* [WHAT YOU HAVE TO DO]:
Repeat the span of the entries below that starts at the line with "Silueta de mujer" and ends at the line with "CINECITTÀ, ROMA, Wohnung", nothing more. Skip the pictures.

* [RECORDS TO USE]:
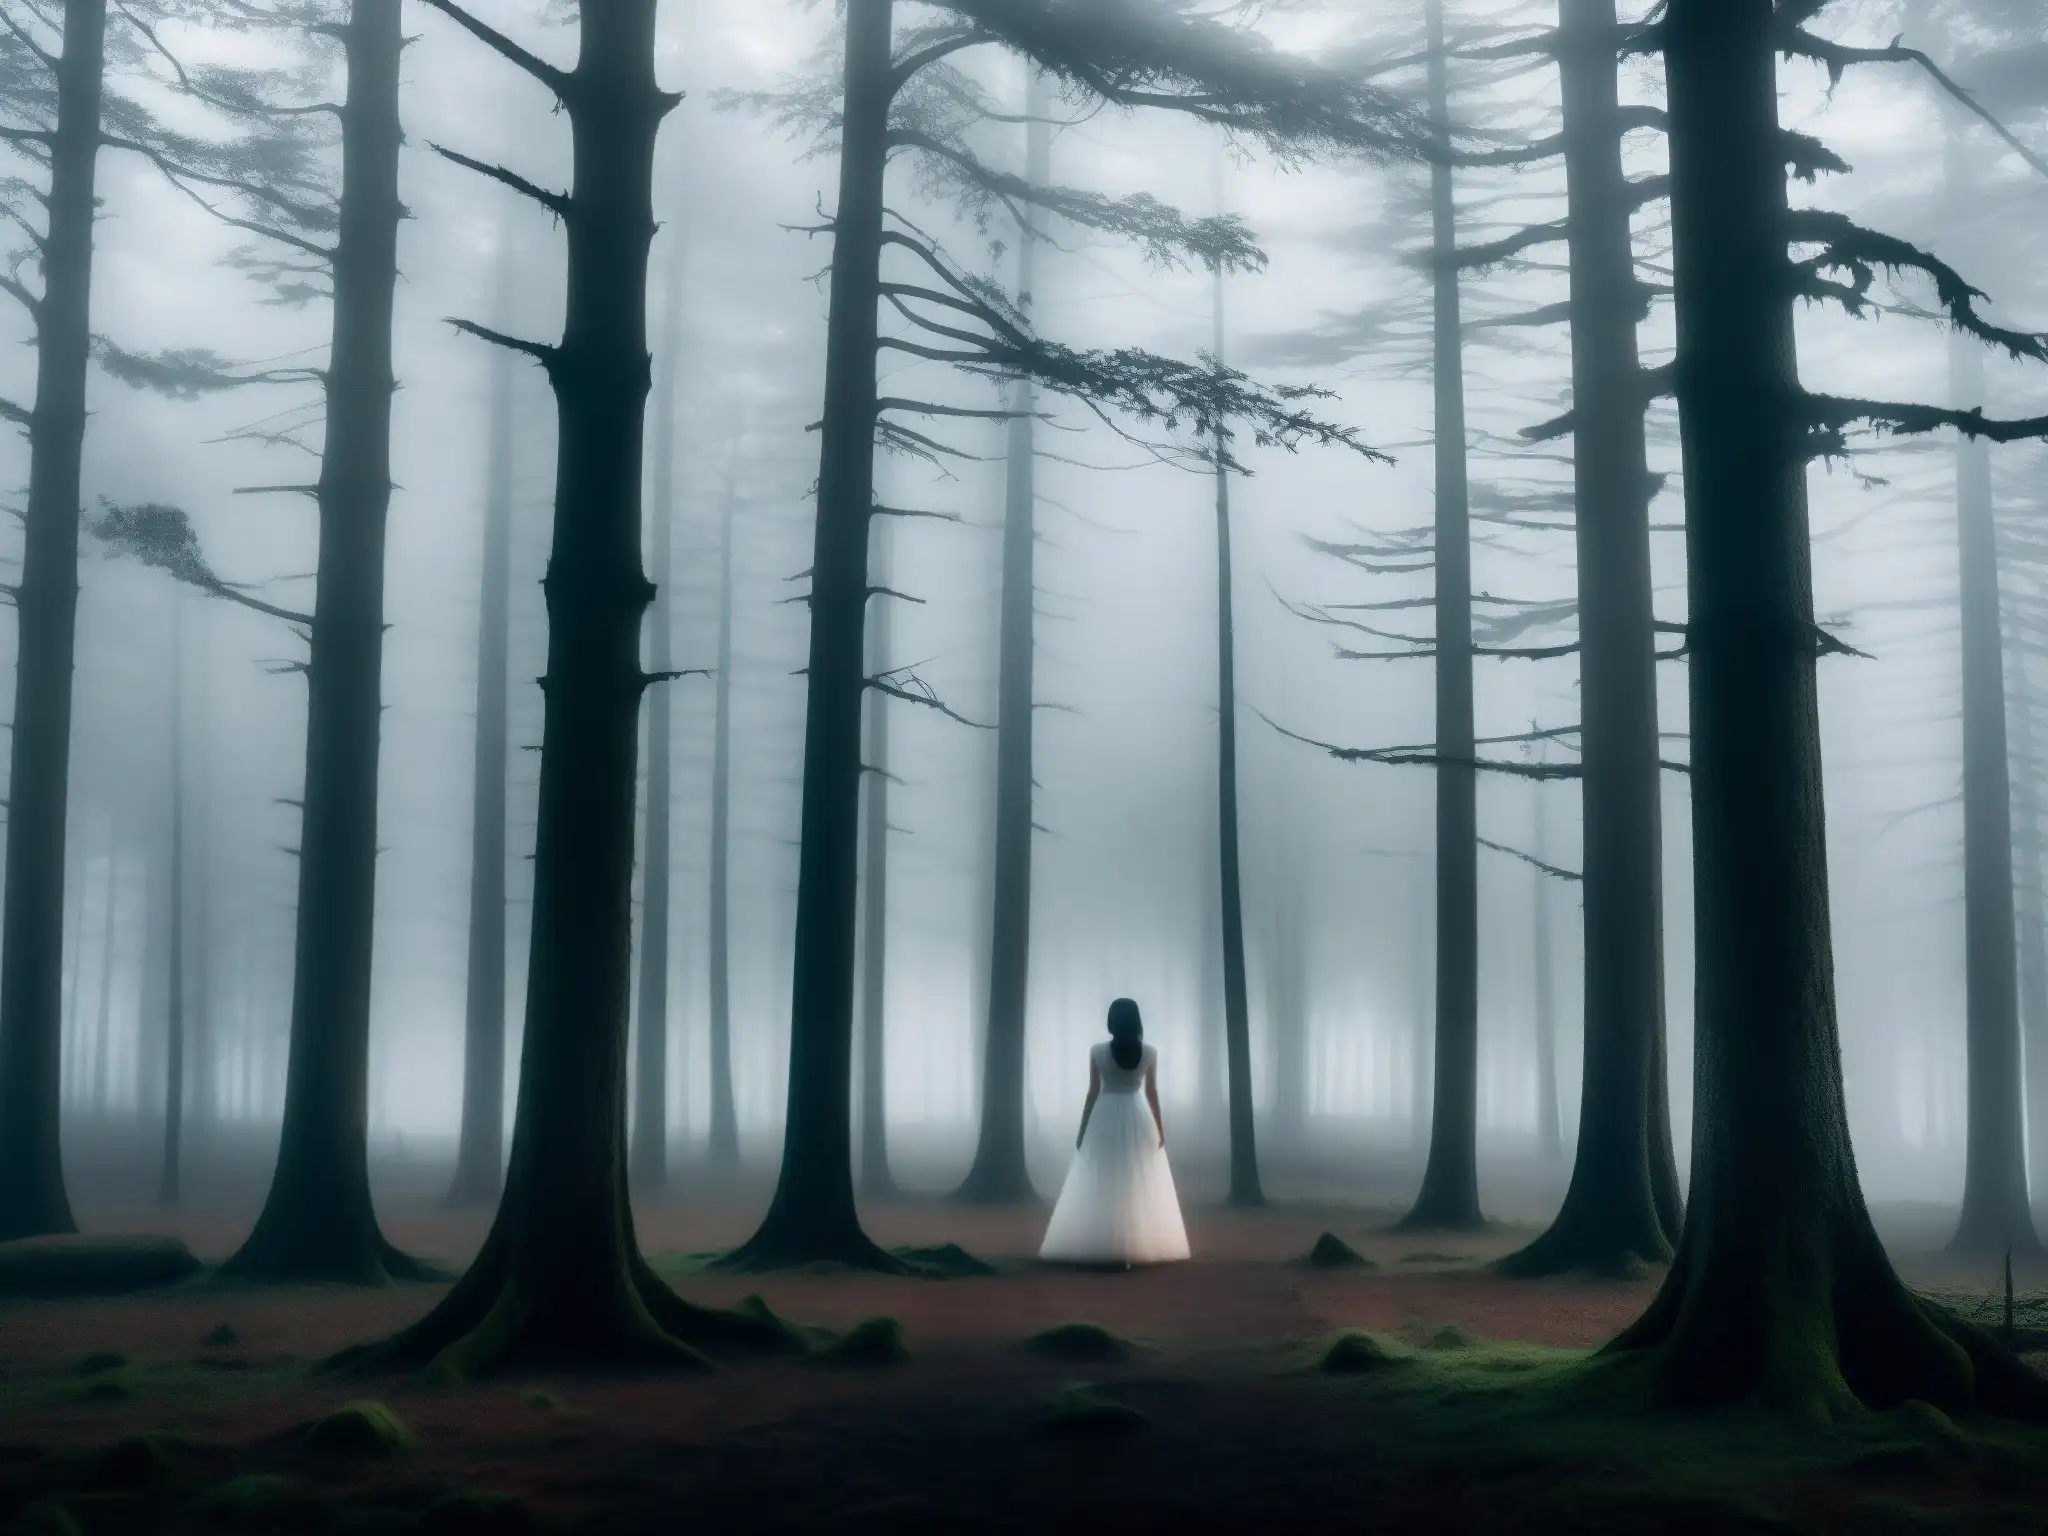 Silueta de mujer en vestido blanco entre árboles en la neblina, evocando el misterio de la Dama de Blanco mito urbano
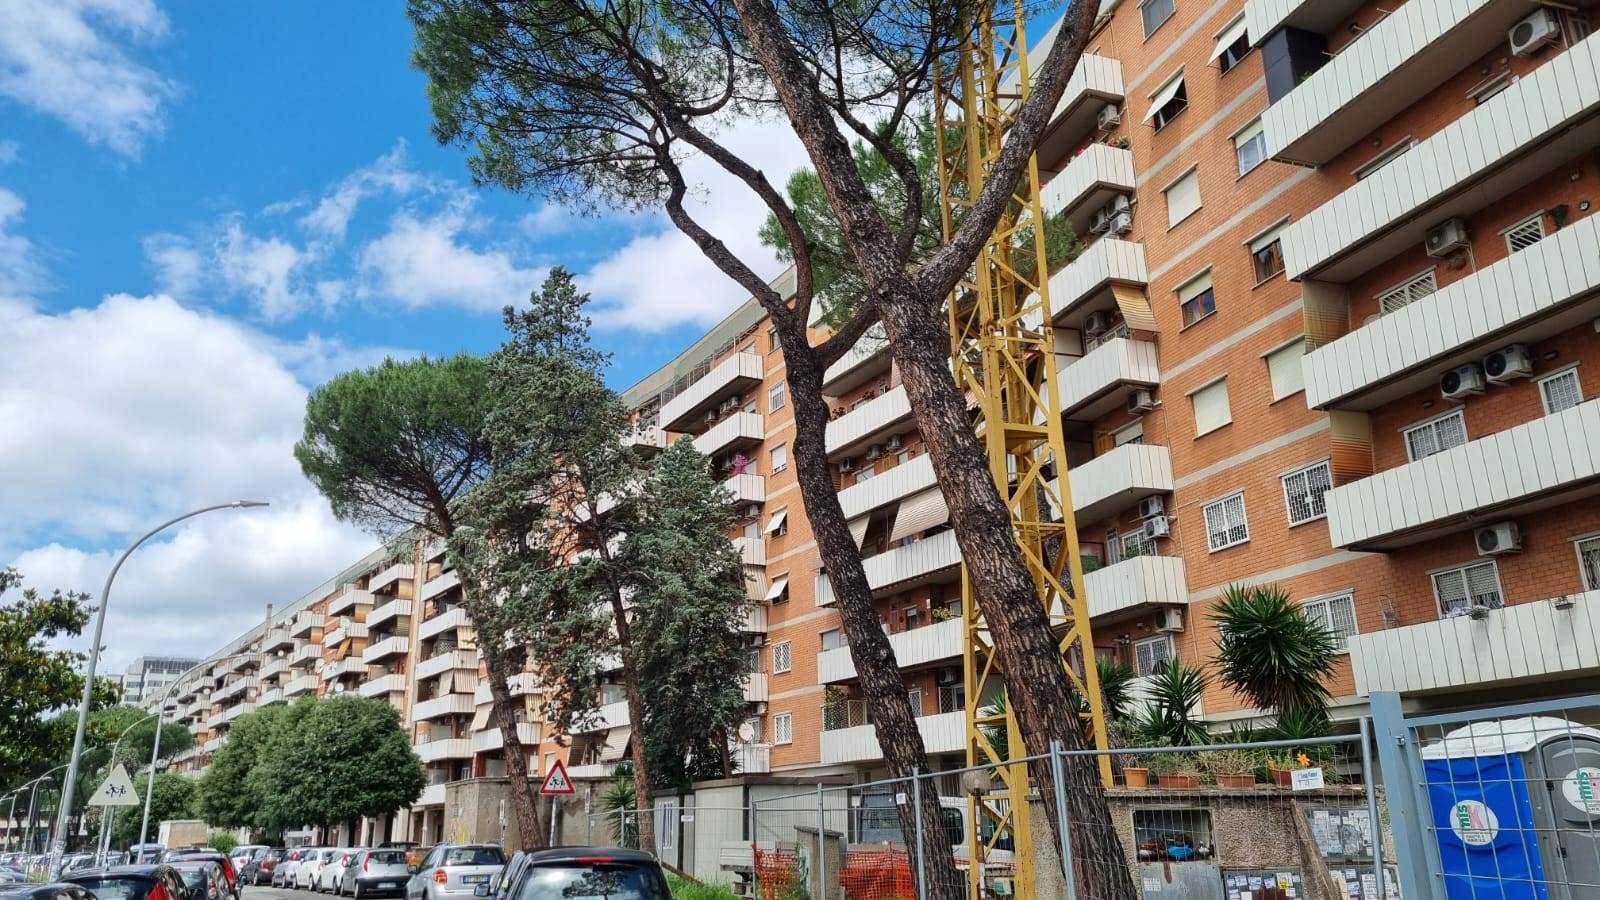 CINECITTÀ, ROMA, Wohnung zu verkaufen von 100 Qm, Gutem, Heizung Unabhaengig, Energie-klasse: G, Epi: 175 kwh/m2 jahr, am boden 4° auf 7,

* * *

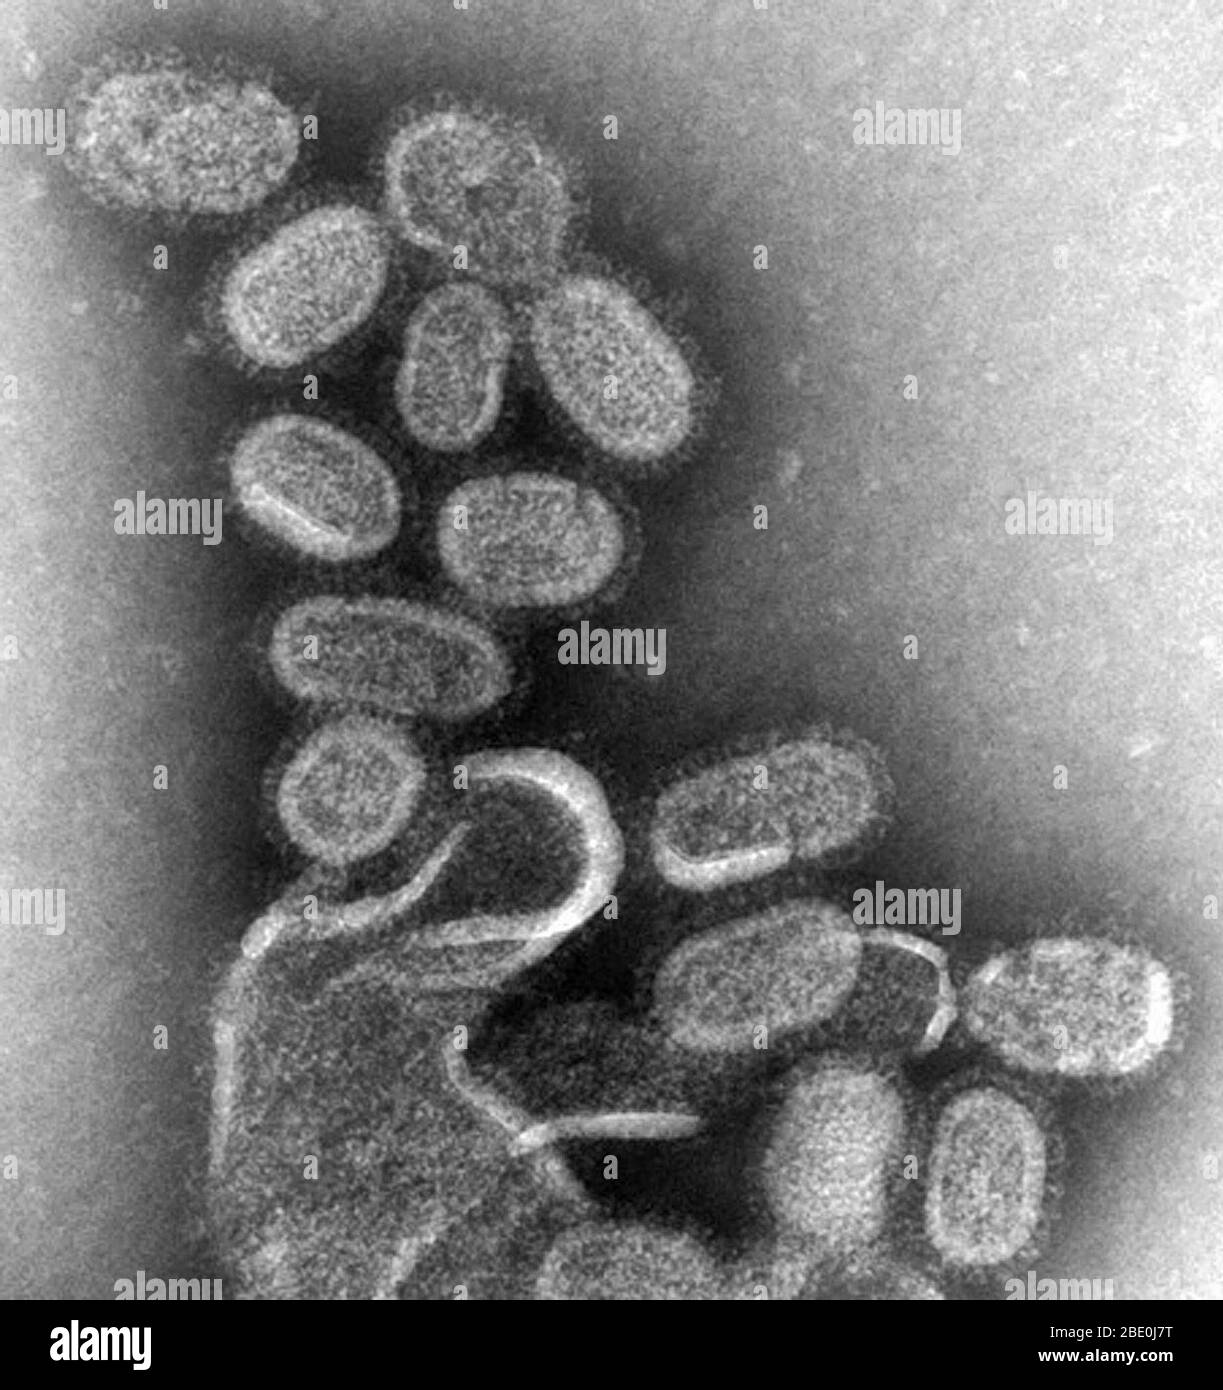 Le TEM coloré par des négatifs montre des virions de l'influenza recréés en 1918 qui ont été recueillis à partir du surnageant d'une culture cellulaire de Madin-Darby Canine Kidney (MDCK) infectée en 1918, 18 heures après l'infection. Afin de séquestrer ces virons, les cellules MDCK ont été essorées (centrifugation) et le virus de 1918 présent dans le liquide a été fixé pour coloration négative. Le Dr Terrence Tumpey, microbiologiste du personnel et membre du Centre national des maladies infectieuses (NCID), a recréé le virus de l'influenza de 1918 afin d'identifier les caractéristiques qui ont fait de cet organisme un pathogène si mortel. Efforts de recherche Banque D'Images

* [SOLUTION FOR THIS EXERCISE]:
 Silueta de mujer en vestido blanco entre árboles en la neblina, evocando el misterio de la Dama de Blanco mito urbano
 CINECITTÀ, ROMA, Wohnung zu verkaufen von 100 Qm, Gutem, Heizung Unabhaengig, Energie-klasse: G, Epi: 175 kwh/m2 jahr, am boden 4° auf 7,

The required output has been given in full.